Dzień dobry pani Magdo,
Konflikty rówieśnicze, o jakich Pani pisze wyglądają na typowe przepychanki między dziećmi. Jeżeli Adam ma dominującą naturę i potrafi popchnąć kogoś specjalnie, agresywnie to rzeczywiście może spotkać się niechęcią ze strony dzieci. Wówczas i to, co "niechcący" traktowane jest z wrogością, co wynika z utrwalonej niechęci.
Bardziej martwi mnie to, że Pani dźwiga na sobie ciężar odpowiedzialności za każde jego zachowanie.
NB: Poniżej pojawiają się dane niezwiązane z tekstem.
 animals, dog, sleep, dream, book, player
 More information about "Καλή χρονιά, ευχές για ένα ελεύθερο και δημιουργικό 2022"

Państwo wychowujecie go prawidłowo, wkładając wiele wysiłku i mając za sobą dodatkowy lęk z powodu opóźnienia w rozwoju mowy i wiążącej się z tym terapii. Prawdą jest jednak i to, że to nie tylko od woli i pracy rodziców zależą wszystkie zachowania dziecięce. Część z nich jest pochodną ich struktury biologicznej, typu układu nerwowego i na to Państwo nie macie wpływu (polecam książkę Ilg, Ames, Baker, "Rozwój psychiczny dziecka 0-10 lat", wyd. GWP). To, czego od siebie nawzajem społecznie uczą się dzieci w przedszkolu czy w szkole, żaden dorosły nie jest w stanie pokazać ani opowiedzieć. Jedni z takich lekcji uczą się szybciej, innym zabiera to więcej czasu. Wszystko to bywa bolesne dla rodziców. Rodzeństwo oczywiście bardzo jest tu przydatne, ale dla Adama to właściwie dopiero początek - roczna siostra nie jest partnerem na równych prawach dla sześciolatka.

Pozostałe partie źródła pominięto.